Tive uma longa conversa comigo… Não que isso seja inédito, pelo contrário. Vira e mexe eu me pego travando diálogos internos, trazendo para argumentação críticas e insights recolhidos das minhas experiências, também das artes, dos livros, das peças e das pessoas que eu ouço aqui e ali…
Mas, dessa vez a motivação é nova: isolamento social (imposto pela pandemia covid19).
De um lado, o medo. Do outro, a responsabilidade pelo coletivo. Ou, num rompante filosófico: EU e OS OUTROS.

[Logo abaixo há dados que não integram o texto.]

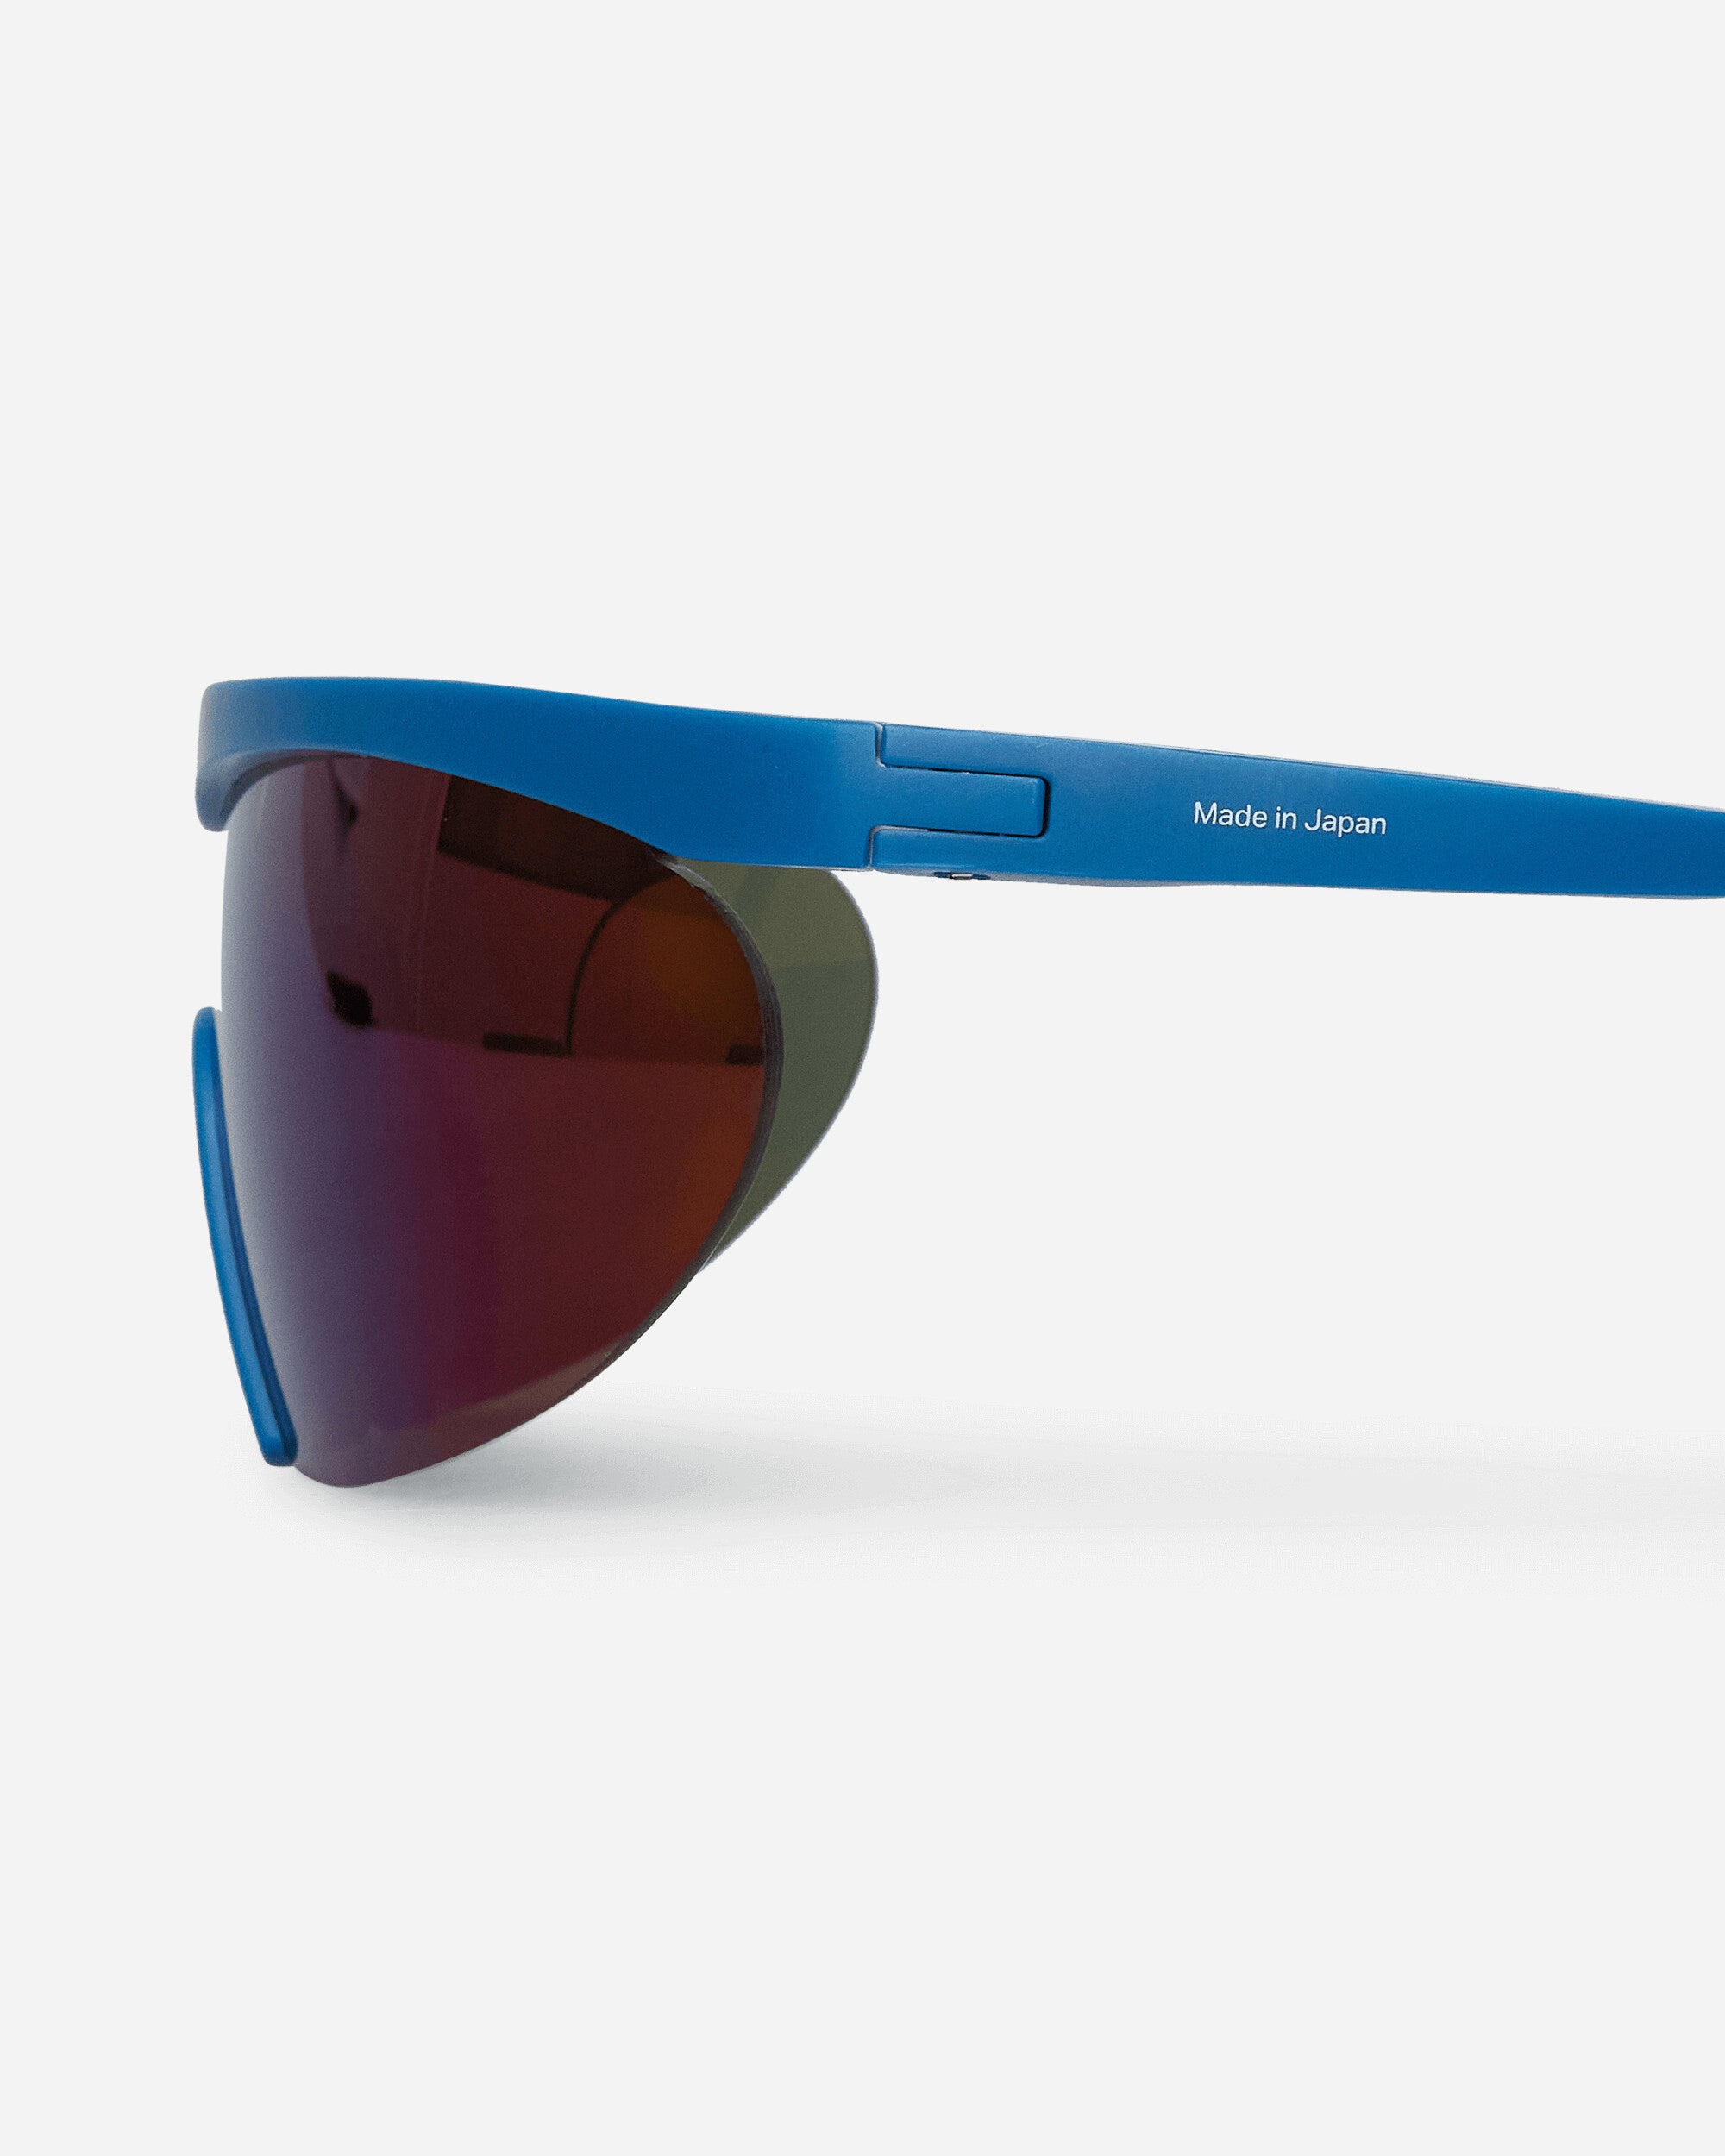 District Vision Koharu Eclipse Ocean Blue/Indigo Eyewear Sunglasses DVG005 O

Dizer também que esse dilema nunca me alcançou, não é verdade. Mas, tomá-lo agora como uma regra eleita e crucial para o bem estar da maioria, é novidade.
Eu me questiono, sem nenhum compromisso: Como ficam os desejos burgueses de dar rolê no shopping para olhar vitrines? E, emendo uma questão bem mais relevante: Como faço para proteger a mim e minha família sem prejudicar a diarista que depende desse dinheiro para sobreviver?
A resposta seria suspender o serviço e manter o pagamento – seria o justo se eu como prestadora de serviço, também tivesse garantidos meus rendimentos. Numa tacada, de relance, já tenho num contexto ultra restrito um enorme conflito, com várias fontes de angústias.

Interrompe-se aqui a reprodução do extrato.